AI compute is one line item. The full cost of running this lab includes:

Supabase — database, auth, storage, edge functions
Railway — platform hosting, deployment infrastructure
Domain, DNS, CDN — the public-facing surface
Hardware — the Mac Mini running 24/7

Combining OTel telemetry with infrastructure billing data from Supabase and Railway gives us a complete technical cost landscape per project. Not just "how much AI did we use" but "what's the all-in cost of this project existing" — compute, storage, hosting, bandwidth.

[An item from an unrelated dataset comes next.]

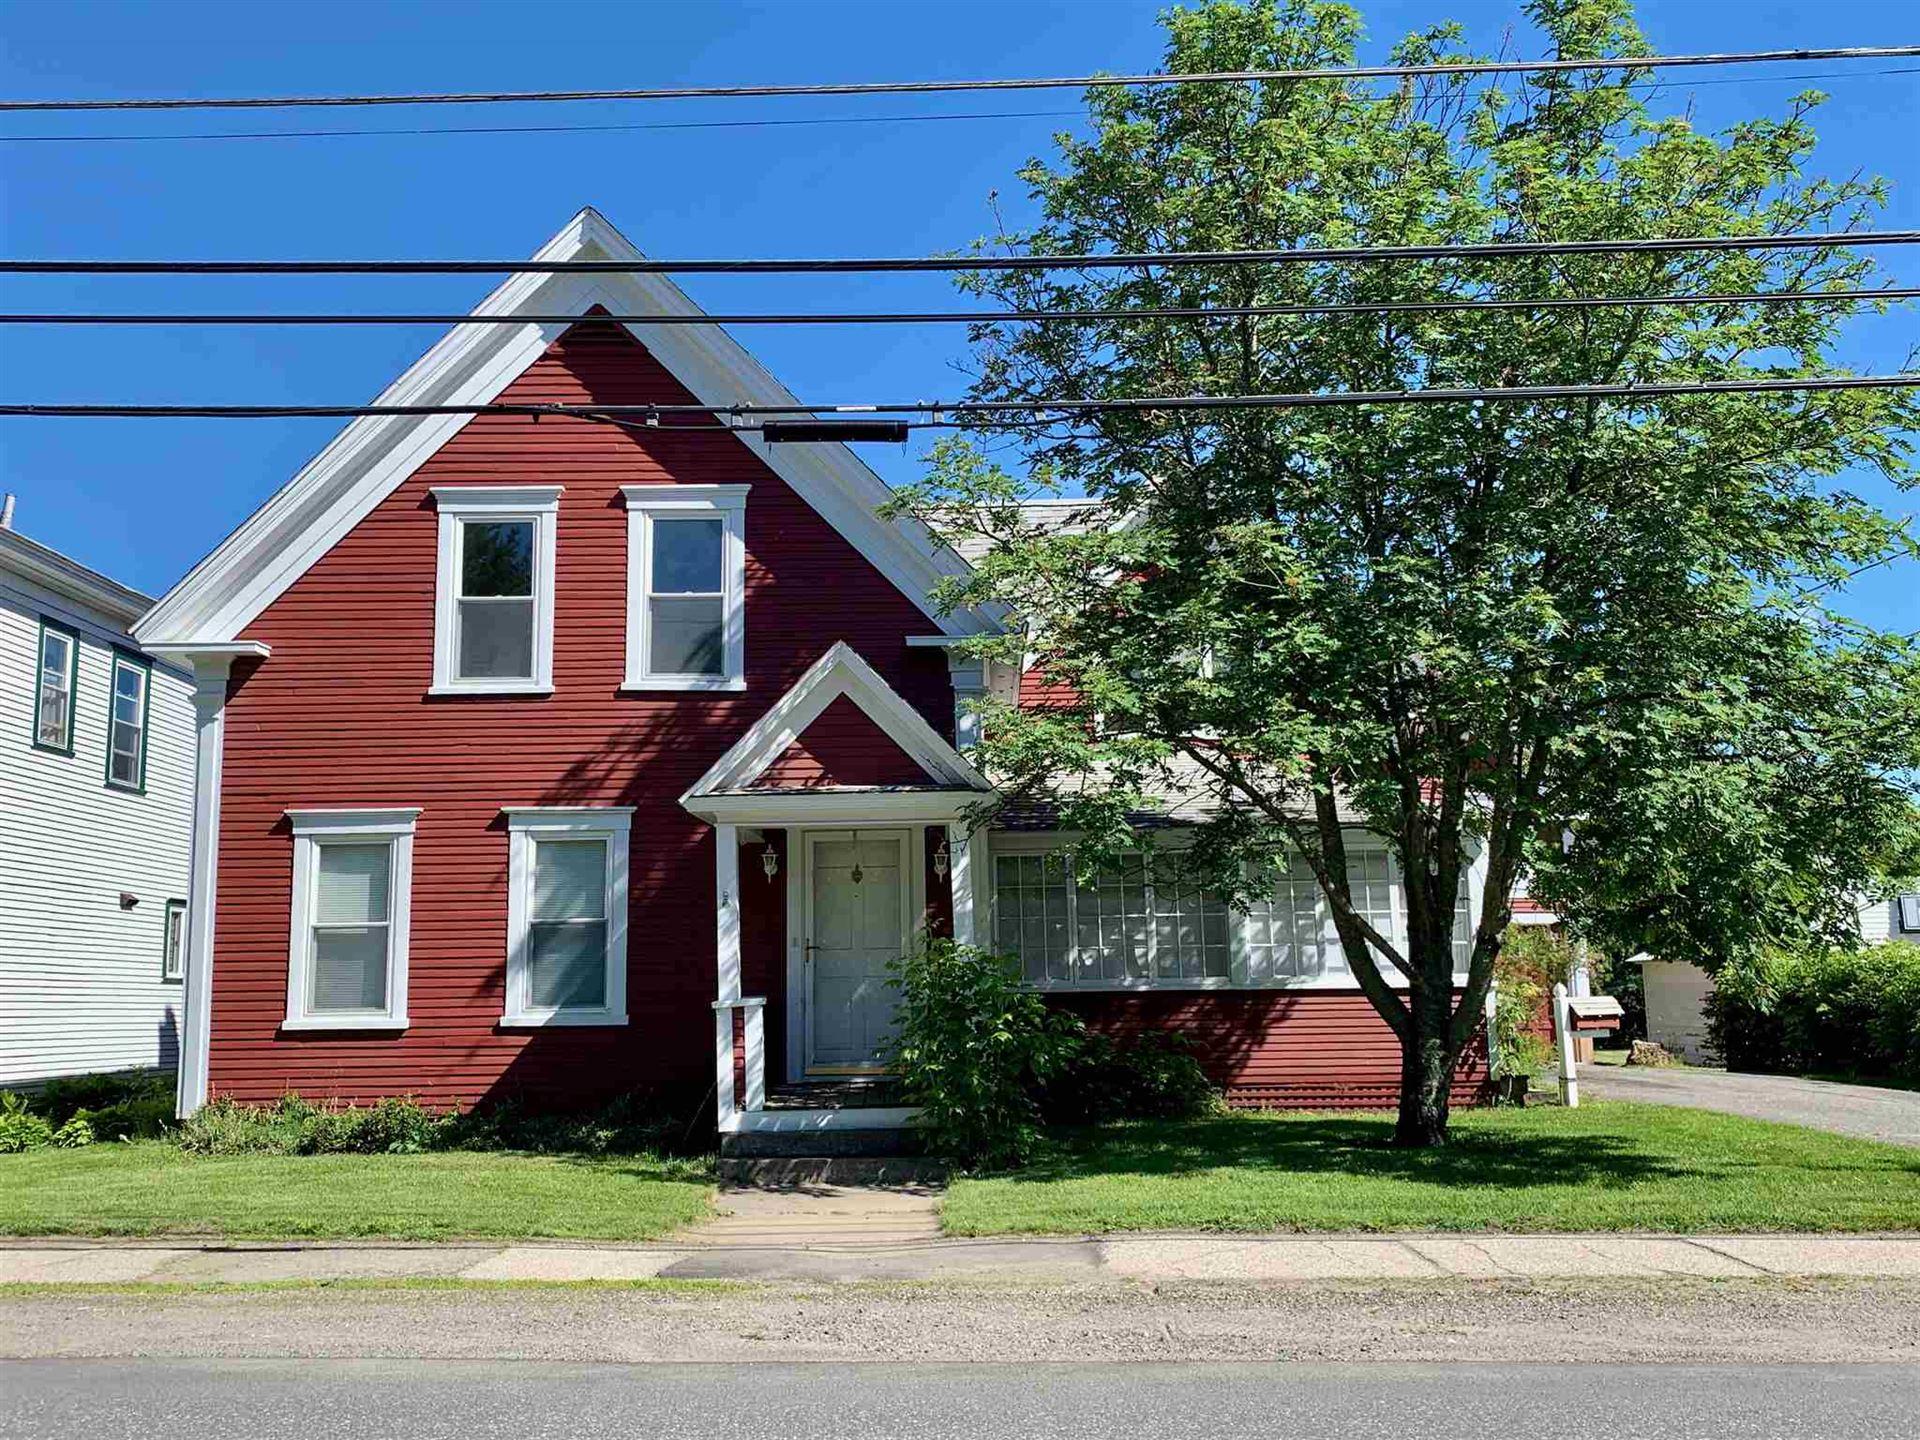 41 Park Street, Colebrook, NH 03576 - MLS#: 4811746

That's the number a collaborator actually needs. Not the API bill in isolation, but the fully loaded cost of the work, including the infrastructure that supports it. We're not there yet, but the per-request telemetry is the hardest piece, and it's running.

#Budget Alerts

The system fires alerts when a project's daily cost crosses configurable thresholds — currently $5, $10, and $25 per project per day. These are simple guardrails today. At v0.5, they become enforceable per-project budget caps that can automatically downgrade model selection or pause non-critical agents.

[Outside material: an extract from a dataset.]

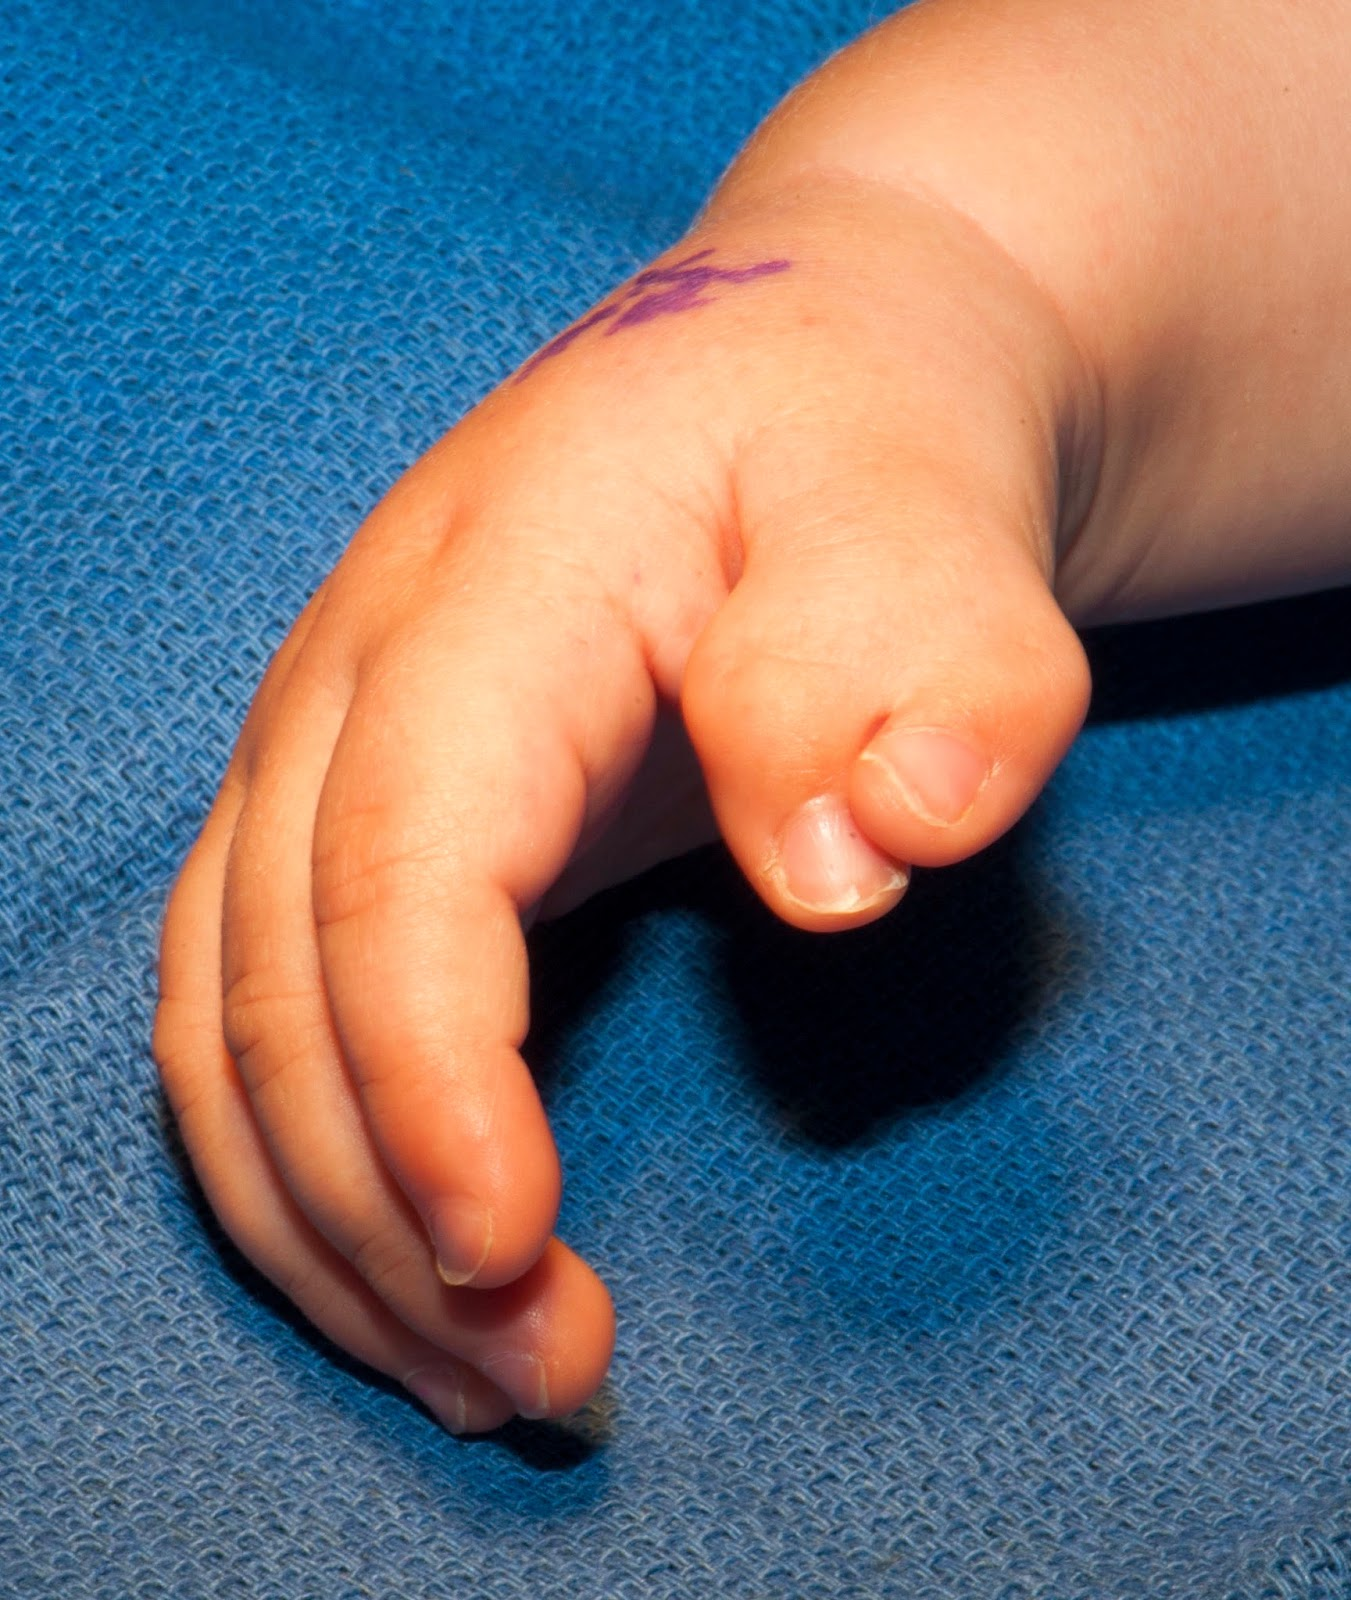 two Finger thumb

The daemon also runs a cost API on the same port as the OTel receiver. Any local tool can query it:

bash

$ curl http://localhost:4318/cost/today
[
  {
    "proj_id": "proj_fc236751-...",
    "date": "2026-03-31",
    "model": "claude-opus-4-6",
    "input_tokens": 4488,
    "output_tokens": 125603,
    "cache_read_tokens": 114382861,
    "cache_write_tokens": 905559,
    "cost_usd": 66.01,
    "request_count": 385
  }
]

The dashboard, a CLI, an agent deciding whether to spawn another agent — they all get real-time cost data.

#What's Running Today

The daemon is in production. The system has survived multiple daemon crashes, a 14-hour outage, and a complete data model refactor — without losing a single request, thanks to the SQLite outbox and Supabase RPC reconciliation on startup.

What we have:

OTLP HTTP receiver on 127.0.0.1:4318, always on (launchd-managed)
Session registry mapping sessions to projects via filesystem scan
Raw per-request events shipping to Supabase
Daily rollups with billable token computation (total minus cache reads)
Supabase RPC as single source of truth for all FE displays
Budget threshold alerts ($5/$10/$25 per project per day)
Cost API for local tools
Crash recovery via reconcile_rollups() RPC
Real-time agent state with 250ms resolution

What's next:

Validate the per-request data against actual Anthropic billing
Build the remote cost module that reads from Supabase and enforces per-project budget caps
Combine with Railway and Supabase billing APIs for all-in project costs
Feed cost data into the shift log — a summary generated when the facility closes showing what each project spent, what was accomplished, and whether the spend was justified

The hard part wasn't the implementation. It was discovering that the numbers we trusted were wrong — first the JSONL placeholders that recorded zeros, then the cache-read inflation that made every metric look 7x larger than reality. Each fix peeled back a layer of noise. The data we have now measures what actually happened, and the decisions built on it are finally sound.

Originally written 2026-03-26. Updated 2026-03-31 to reflect the v0.5.0 OTel-only architecture, billable tokens metric, and single-source-of-truth refactor.